Shopping malls are one of the few entertainment spaces left in the city. Indeed the last decade has seen entertainment spaces in cities shrink rapidly. Cinemas have either shut down or moved inside malls. Amusement parks have been reduced to rubble while open spaces have been taken over by plazas. And opportunities to meet and greet strangers, especially across the class divide, are now in great shortage.

“Jagah ka buhat masla hai [Space is a big issue],” laments Zohair Ali*, a young lawyer in his mid 20s. “Shopping malls are generally for hanging out, but for intimacy, you need a safe space.”

As a result, most interactions have moved online.

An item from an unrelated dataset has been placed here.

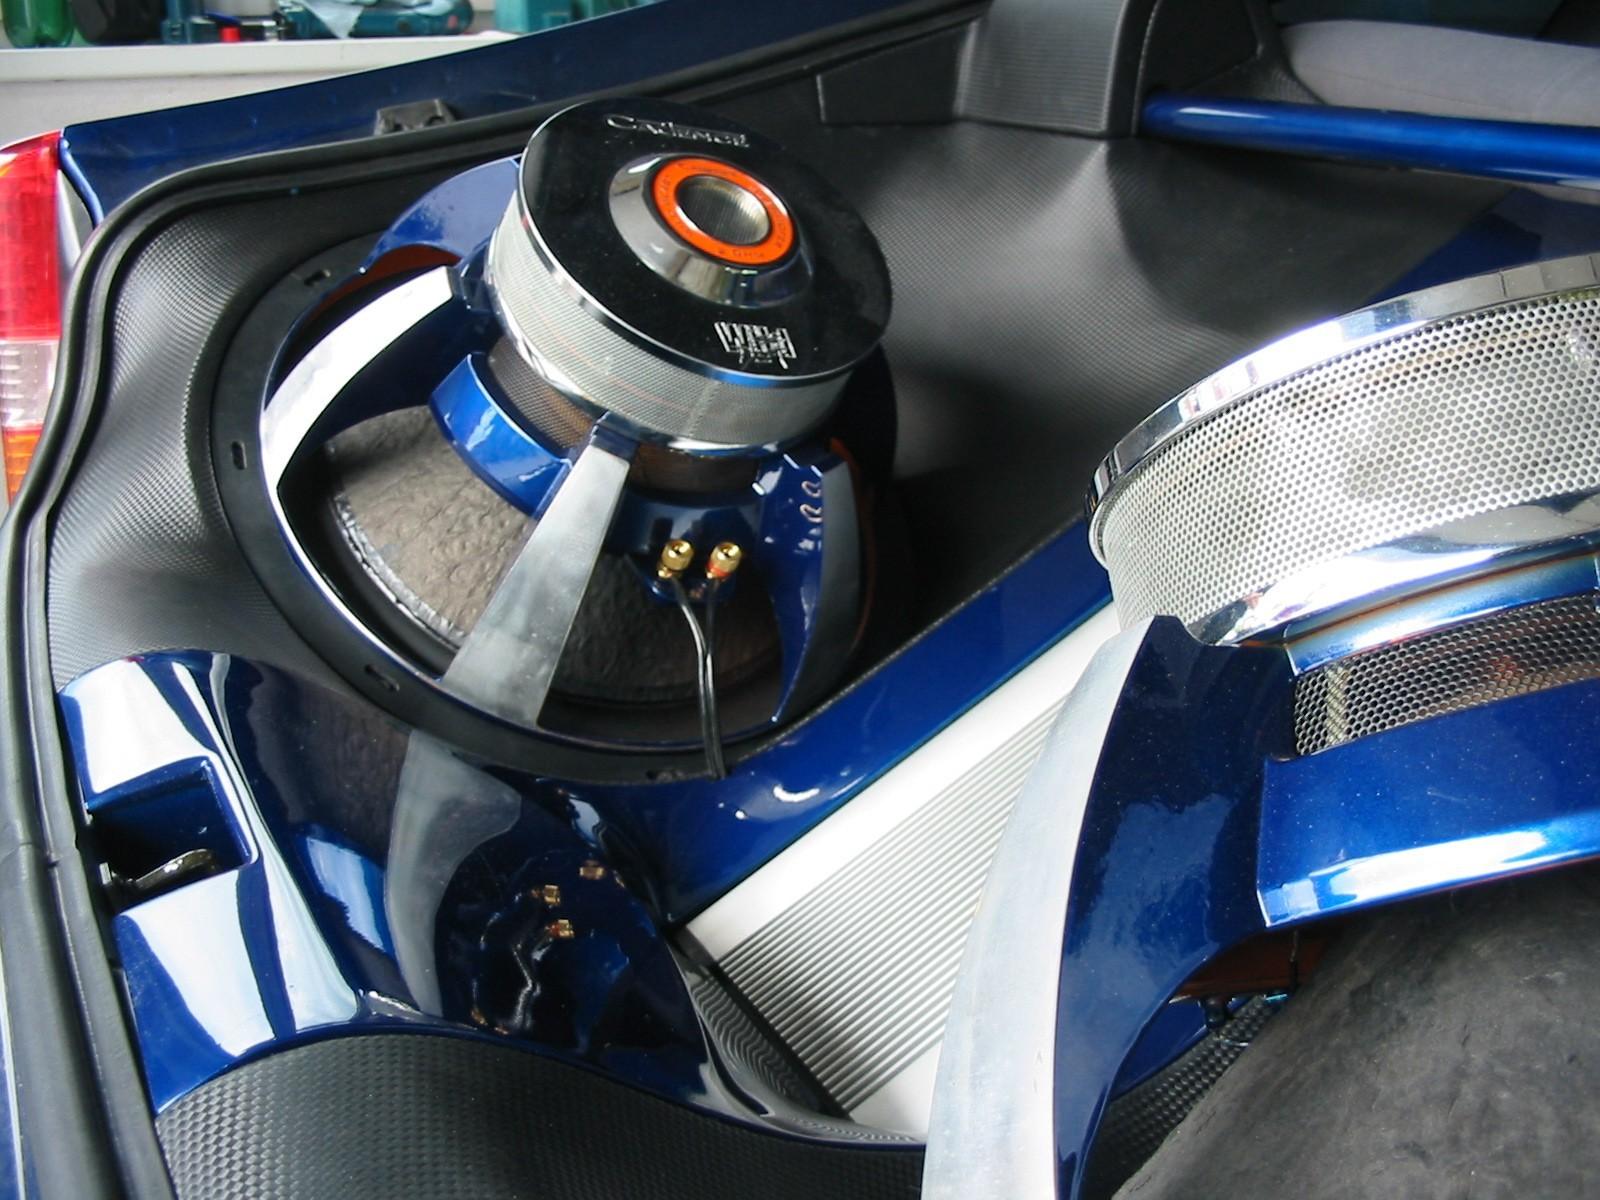 Toyota Celica (T23) - Kofferraumverbau im Carbon-Look

“On Facebook and apps such as Tinder,” says Zainab Mumtaz*, a marketing executive in her 30s. [See accompanying story Love in the Time of Tinder.]

As Zainab explains, the “happening” places of the 1990s and early 2000s have all deteriorated. Restaurants that once served young couples on a budget have closed down while the newer ones have become far too crowded. Life too has become faster and people are too preoccupied with their jobs and social commitments.

In comparison, Facebook interactions are a lot simpler — there is a profile page, interests are listed, and generally, peoples’ perspective on life can be understood with what they are sharing. A number of other social media apps, such as Instagram, Snapchat and Twitter have also been pressed into service as ‘dating’ apps by those seeking to make a connection with new people.

And it works for some. But for many others, women in particular, the anonymity offered by the internet also comes with its own set of problems. Aside from the issue of safety, many men feel emboldened to make advances on these apps that they would simply never do in real life, which women often find off-putting and can be downright obscene.

In such a scenario, single people are in a fix: how do you meet new and interesting people, someone with whom you can find shared chemistry, and someone you can fall in love with?

“My group of friends is organising a singles meet-up,” says Zainab. Admittedly this will be an upper middle-class setting, with the hosts hopeful of a high turnout.

But while such events are a welcome addition, blind dates through “rishta aunties” have been in vogue for a while now. Because young people are often short on time, a blind date is organised for them with their families’ consent.

“Usually in a public or crowded place,” says Rehana Wasim*, a 28-year-old telecom executive. “You can make a quick getaway if the date isn’t going too well without the hassle of any embarrassment.”

The rishta aunties might work for some, but a few have had terrible experiences with these too.

Amina Hakim* is a 33-year-old doctor. She met a banker named Wasim Khan* through a rishta aunty and things seemed to be going well.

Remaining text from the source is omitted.